Abstract machine used as a target for compilers

The SECD machine is an influential virtual machine and abstract machine intended as a target for compilers of functional programming languages. The letters stand for stack, environment, control, dump, respectively, which are the internal registers of the machine. The registers stack, control, and dump point to (some realizations of) stacks, and environment points to (some realization of) an associative array.

The machine was the first to be specifically designed to evaluate lambda calculus expressions.
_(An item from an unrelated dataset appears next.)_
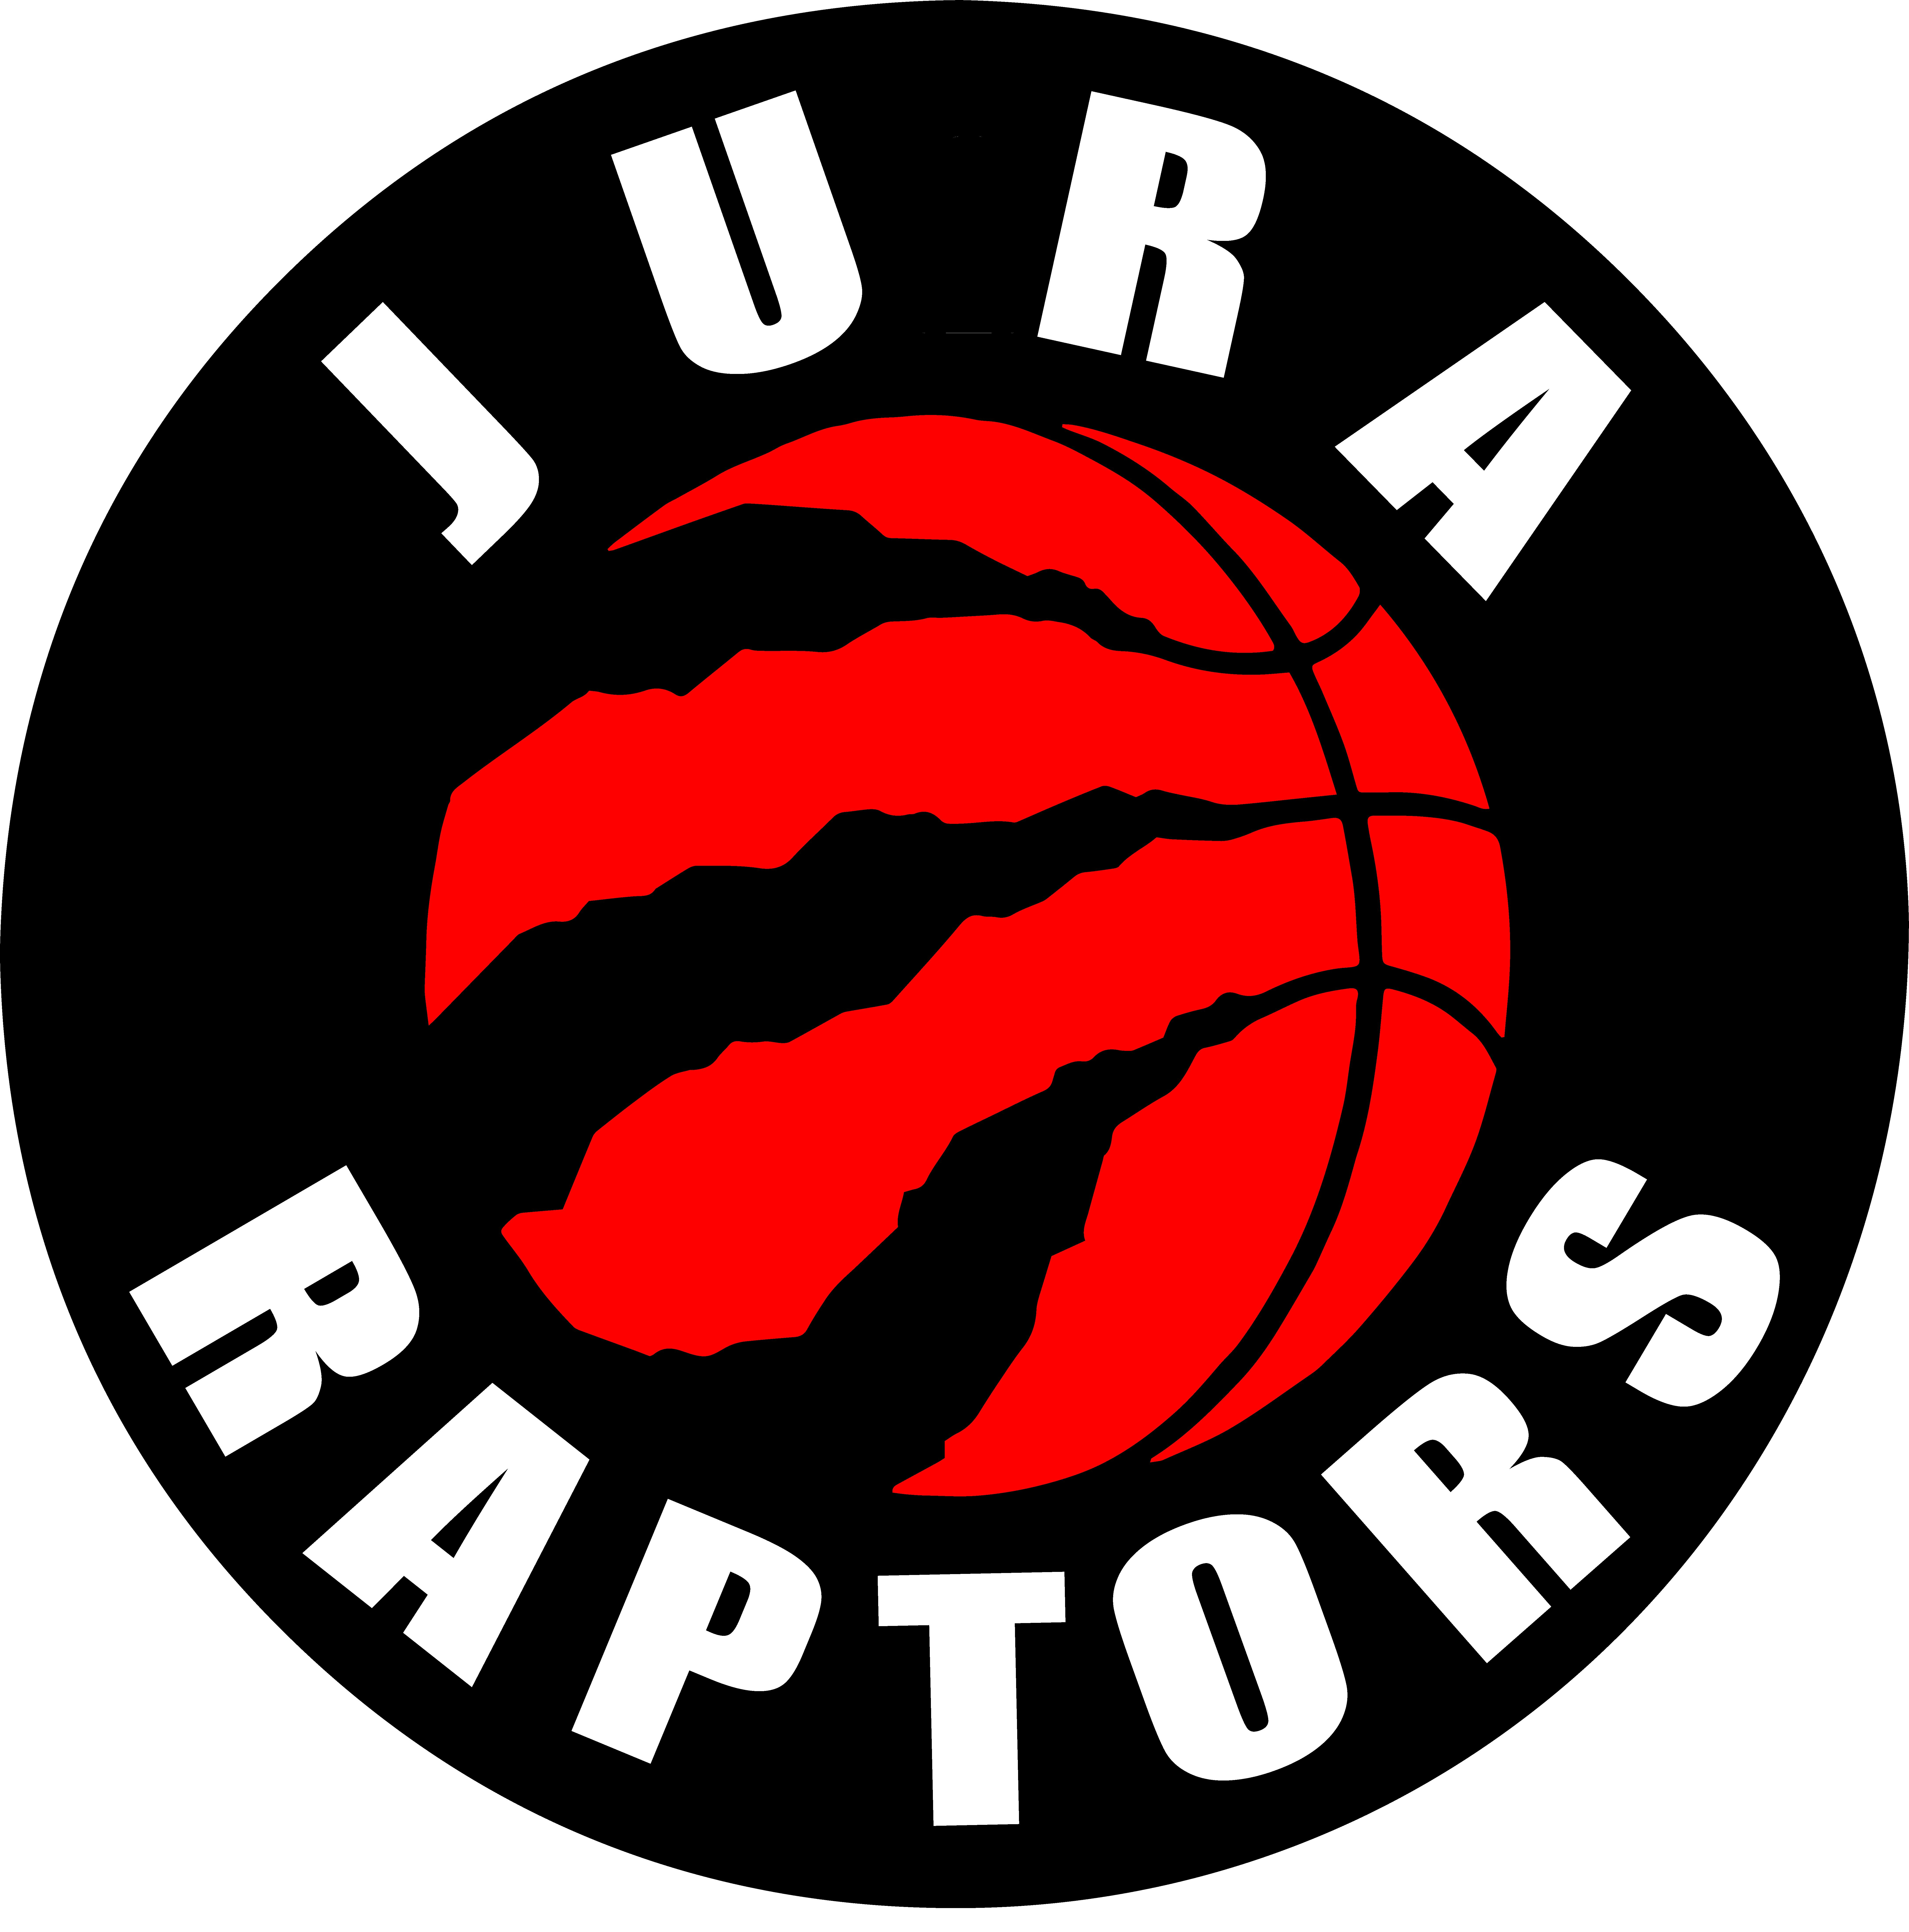 JURA RAPTORS

It was originally described by Peter Landin in "The Mechanical Evaluation of Expressions" in 1964. The description published by Landin was fairly abstract, and left many implementation choices open (like an operational semantics).
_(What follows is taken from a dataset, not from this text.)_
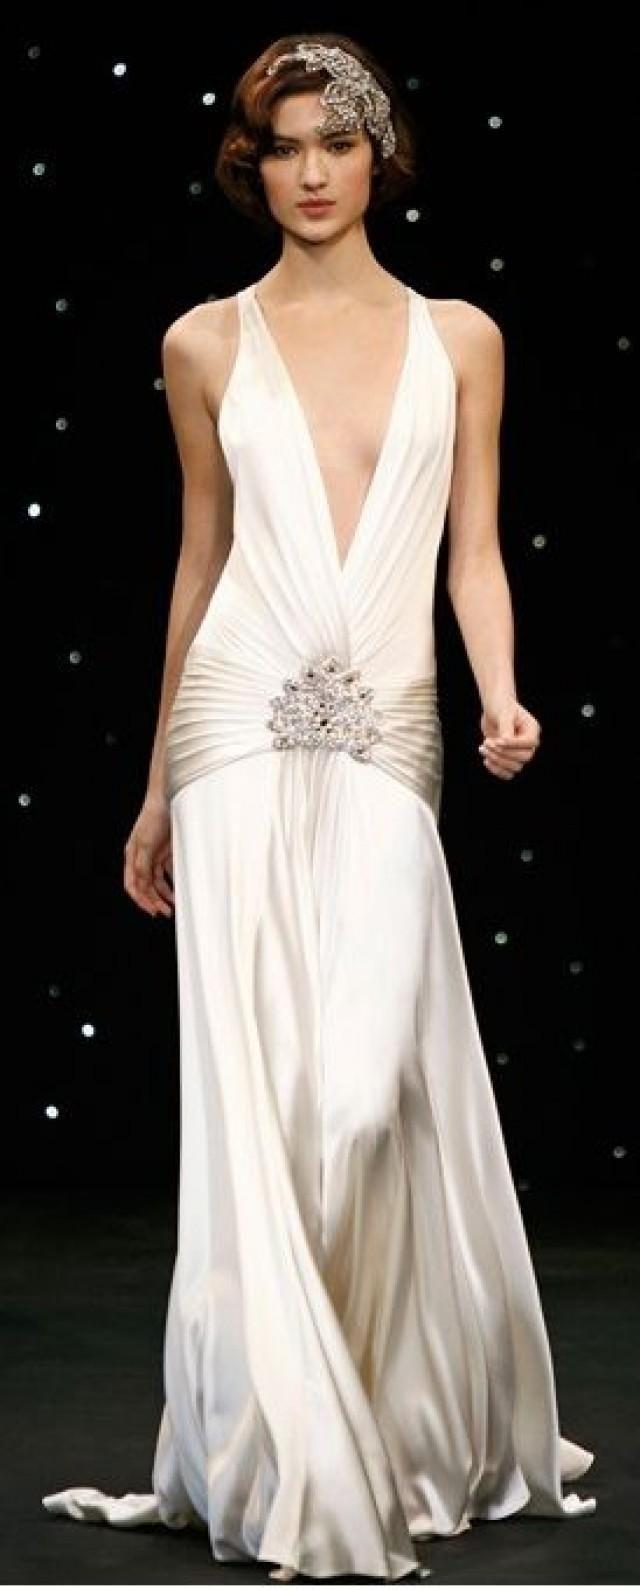 Weddings-Great Gatsby Blanka Matragi

Lispkit Lisp was a compiler based on the SECD machine, and the SECD machine has been used as the target for other systems such as Lisp/370. In 1989, researchers at the University of Calgary worked on a hardware implementation of the machine, with the same rationale as a high-level language computer architecture related to a Lisp machine.

==Landin's contribution==
D. A. Turner (2012) points out that the ALGOL 60 programming language could not return functions from other functions (rendering functions no longer first-class). A function nested inside another function could refer to a variable living on the outer function's stack. If the nested function were returned from the outer function, then it would be referring to a variable in a stack frame that is no longer present. Turner notes that Landin's SECD machine solves this problem (thus allowing functions to return functions), as a function value is now represented with a closure on the heap that can store the environment of variables it should use irrespective of what happens on the stack.

==Informal description==
When evaluation of an expression begins, the expression is loaded as the only element of control C. The environment E, stack S and dump D begin empty.

During evaluation of C it is converted to reverse Polish notation (RPN) with ap (for apply) being the only operator. For example, the expression F (G X) (a single list element) is changed to the list X:G:ap:F:ap.

Evaluation of C proceeds similarly to other RPN expressions. If the first item in C is a value, it is pushed onto the stack S. More exactly, if the item is an identifier, the value pushed onto the stack will be the binding for that identifier in the current environment E. If the item is an abstraction, a closure is constructed to preserve the bindings of its free variables (which are in E), and it is this closure which is pushed onto the stack.

If the item is ap, two values are popped off the stack and the application done (first applied to second). If the result of the application is a value, it is pushed onto the stack.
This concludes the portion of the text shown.